Data excerpt —
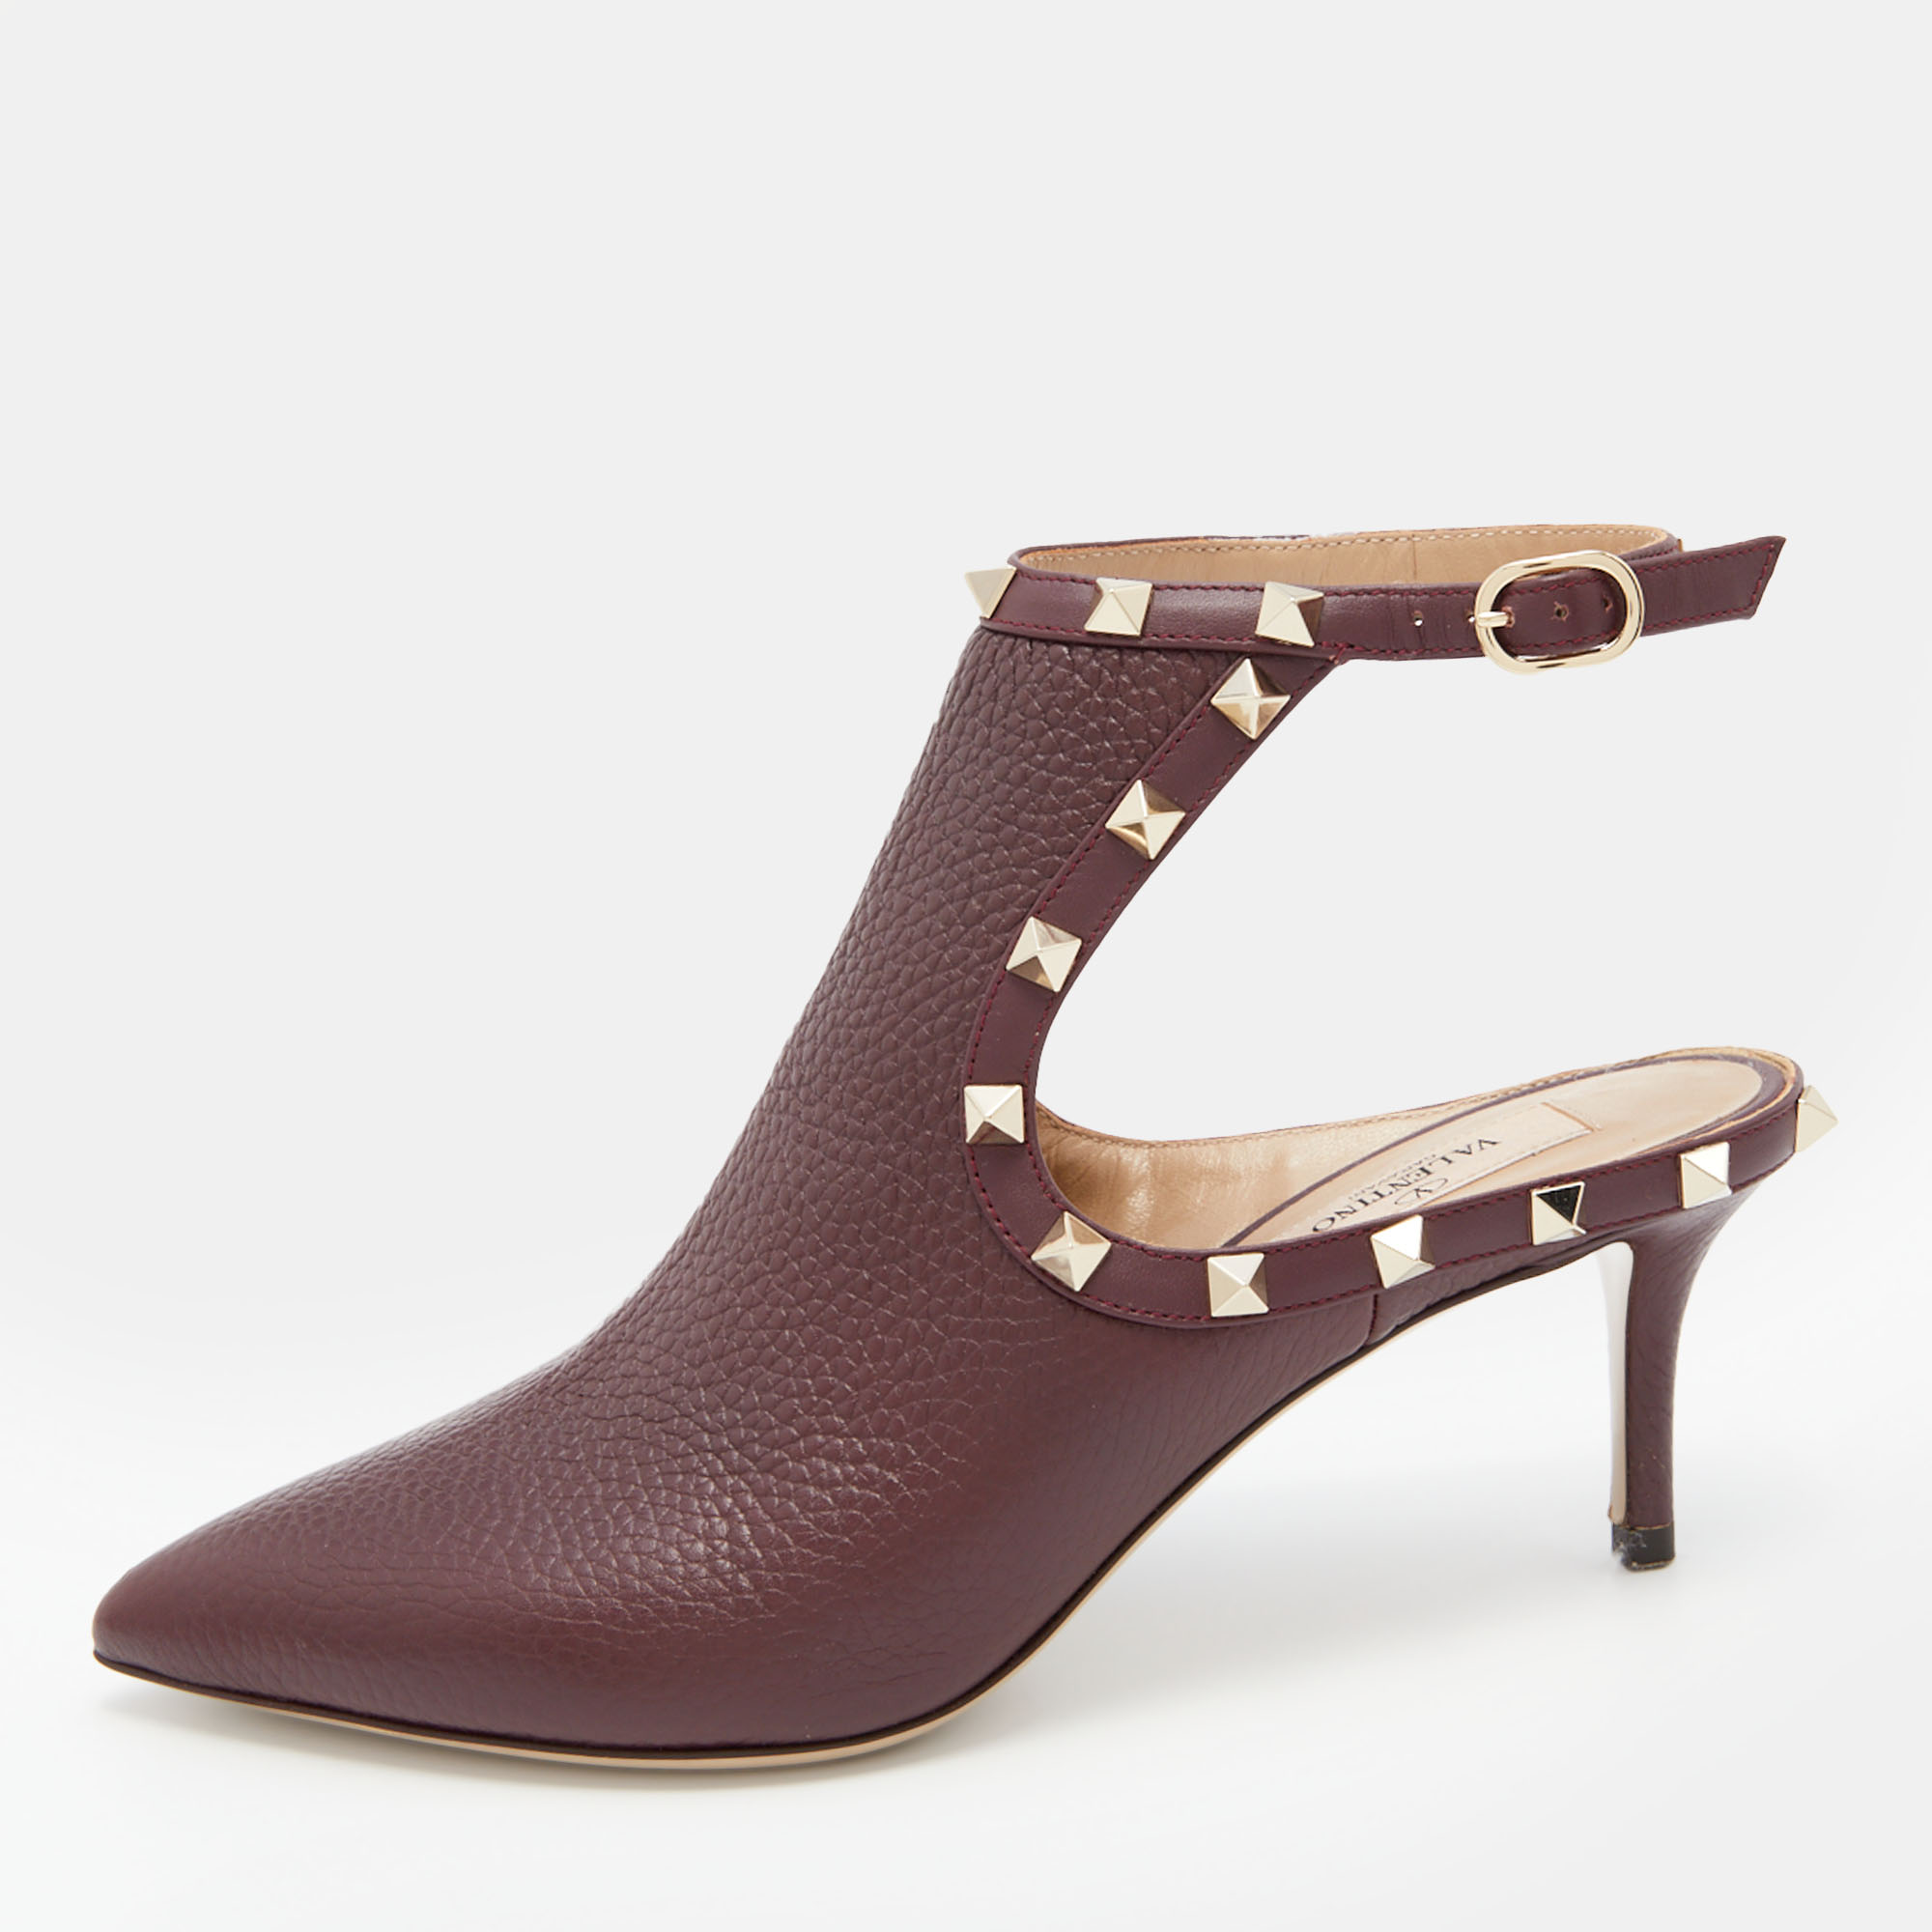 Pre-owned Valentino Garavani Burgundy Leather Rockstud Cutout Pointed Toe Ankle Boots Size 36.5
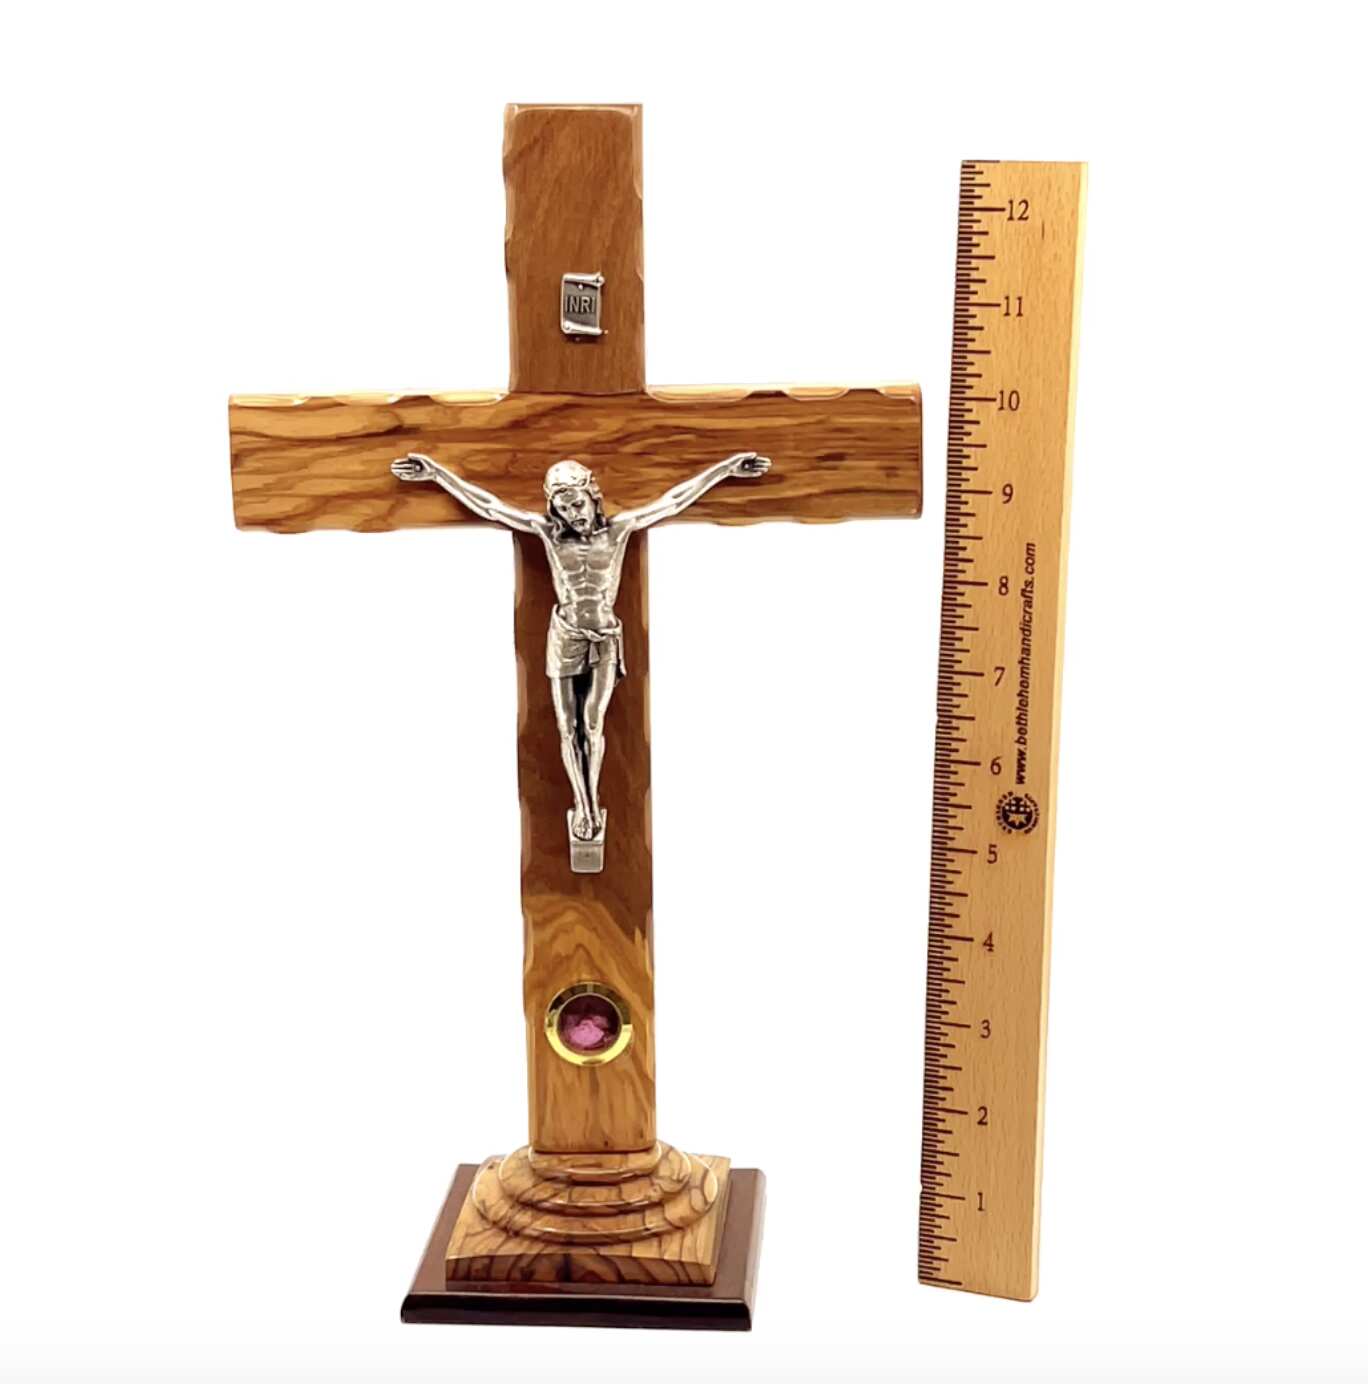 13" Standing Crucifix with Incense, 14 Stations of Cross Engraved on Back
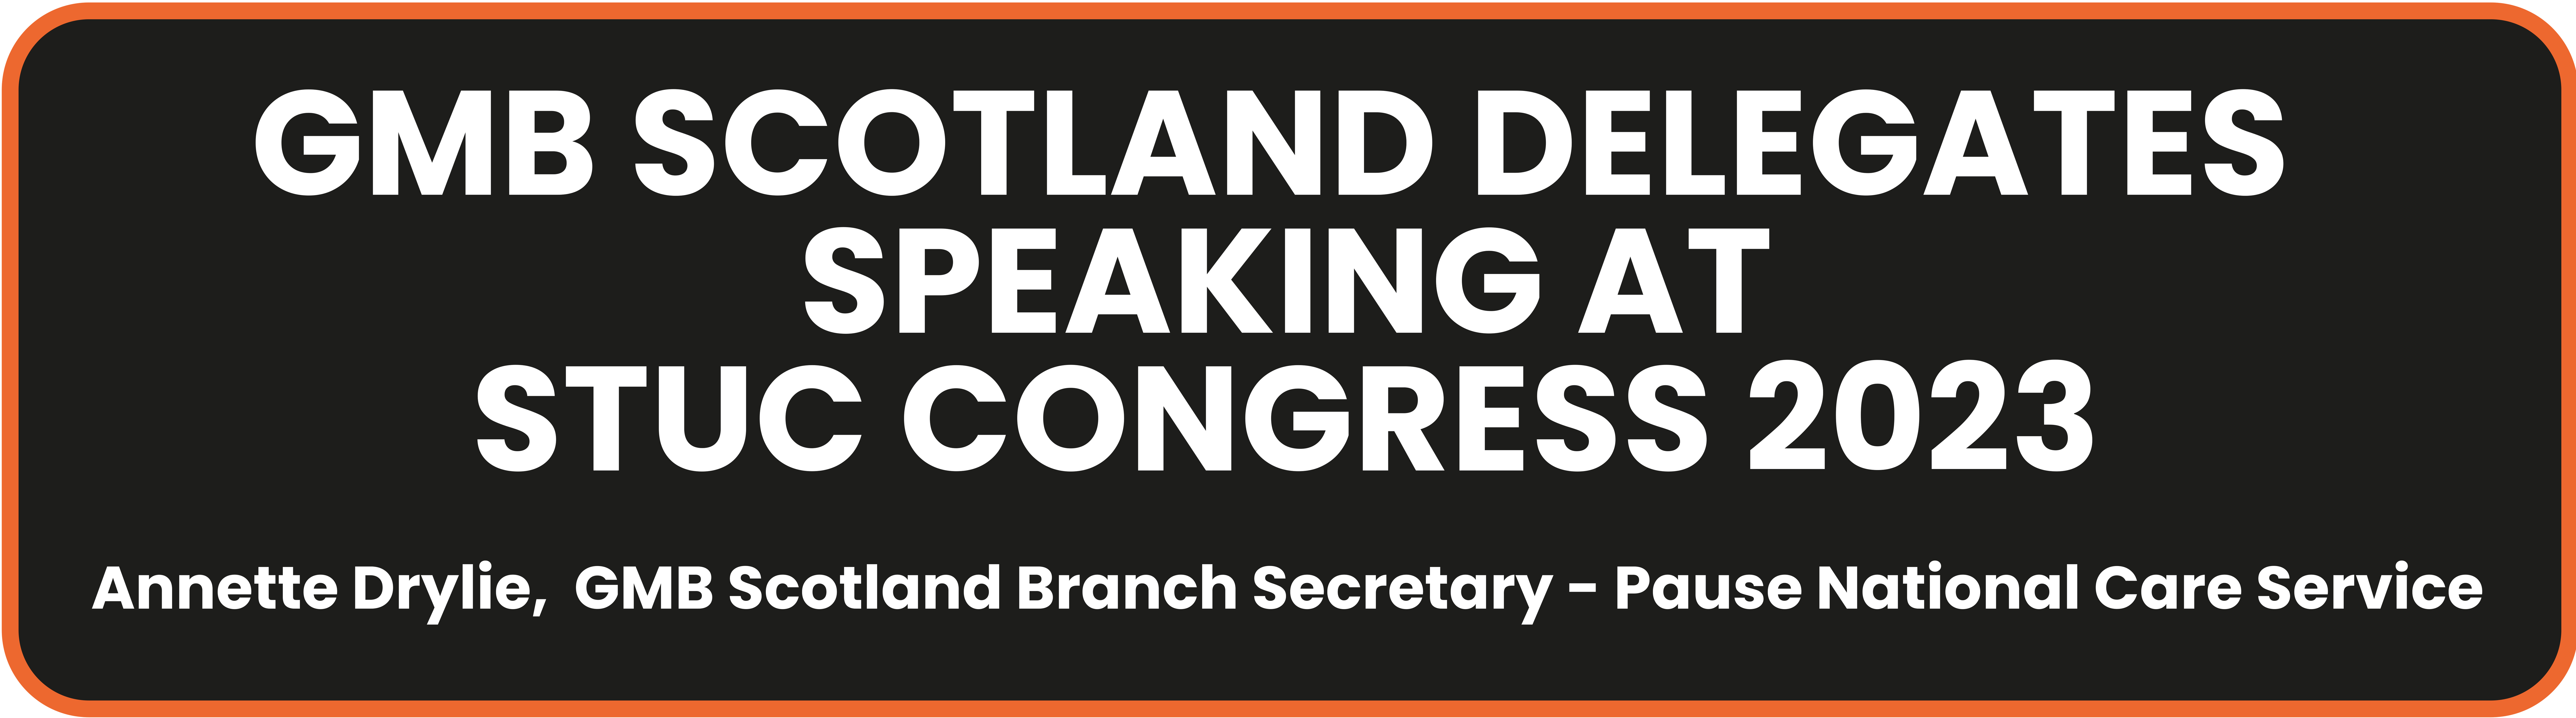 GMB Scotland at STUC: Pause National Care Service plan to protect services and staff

Task description — Your copy should match the material above exactly, minus its pictures.

Solution —
 Pre-owned Valentino Garavani Burgundy Leather Rockstud Cutout Pointed Toe Ankle Boots Size 36.5
 13" Standing Crucifix with Incense, 14 Stations of Cross Engraved on Back
 GMB Scotland at STUC: Pause National Care Service plan to protect services and staff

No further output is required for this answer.